Preface

Overview ‌

The following pages, loosely called Mike’s Biostatistics Book, contain the extended versions of my lectures for BI311 Biostatistics, a biology course I teach at Chaminade University. 

The companion site, Mike’s Workbook for Biostatistics, provides homework, problems and projects to learn-by-doing biostatistics, and several R tutorials

The Biology department faculty require biology majors to take this course. Class standing of students range from sophomores to first year graduate students.

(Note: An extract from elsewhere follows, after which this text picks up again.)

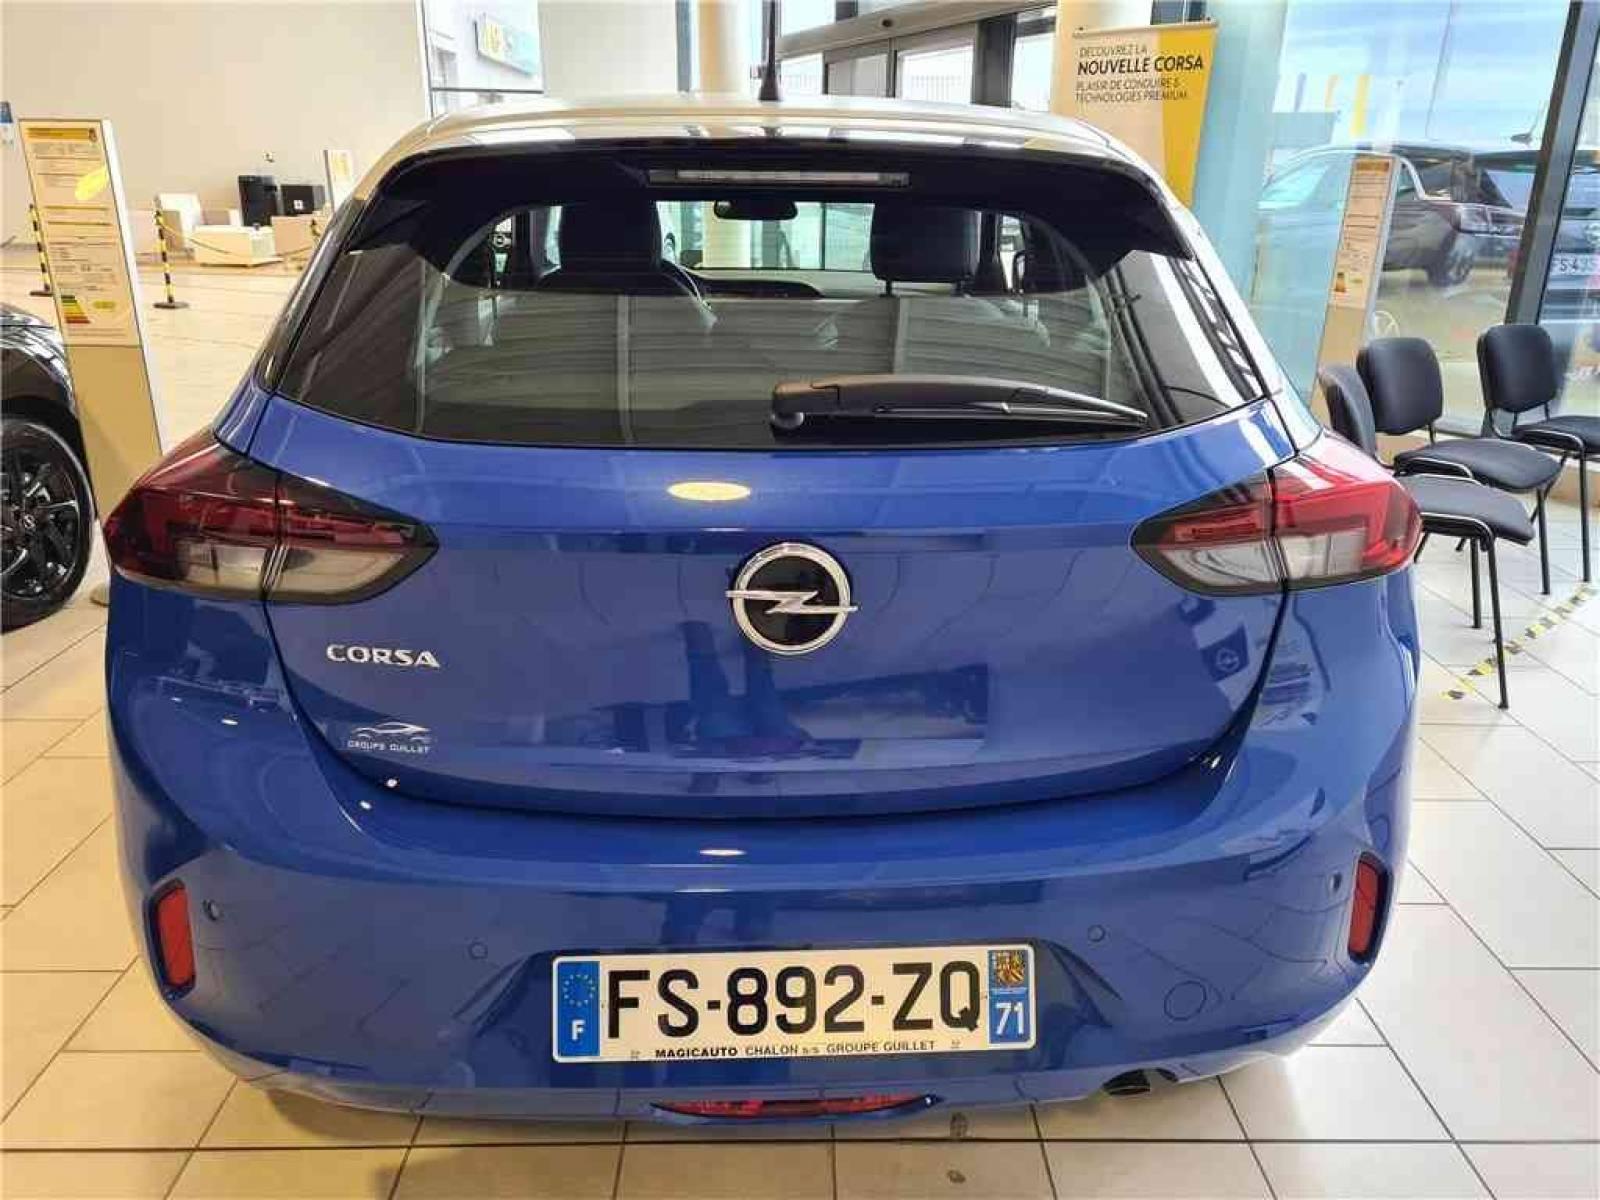 OPEL Corsa 1.2 Turbo 100 ch BVM6 - véhicule d'occasion - Groupe Guillet - Opel Magicauto - Chalon-sur-Saône - 71380 - Saint-Marcel - 4

We use and rely heavily on R, the open source “language and environment for statistical computing” (R-project [dot] org), and the R Commander package by J Fox (Fox 2005; Fox 2016). R Commander allows students to gain confidence with R commands by use of drop down menus to access functions.

The lecture notes are written from my perspective on what matters in a semester-long, first course in Biostatistics: concepts, context and practical advice along with a generous introduction to general linear models. The focus is on applied statistics with reference to other data science skill sets as needed. Concepts are illustrated by examples and multiple choice questions to “test” reader comprehension. Examples in Mike’s Biostatistics Book are generally from real data sets in biological or biomedical research. Therefore, context and practice comes from data sets we will work on throughout the semester.  The data sets are presented in the accompanying workbook, body titled Mike’s Workbook for Biostatistics.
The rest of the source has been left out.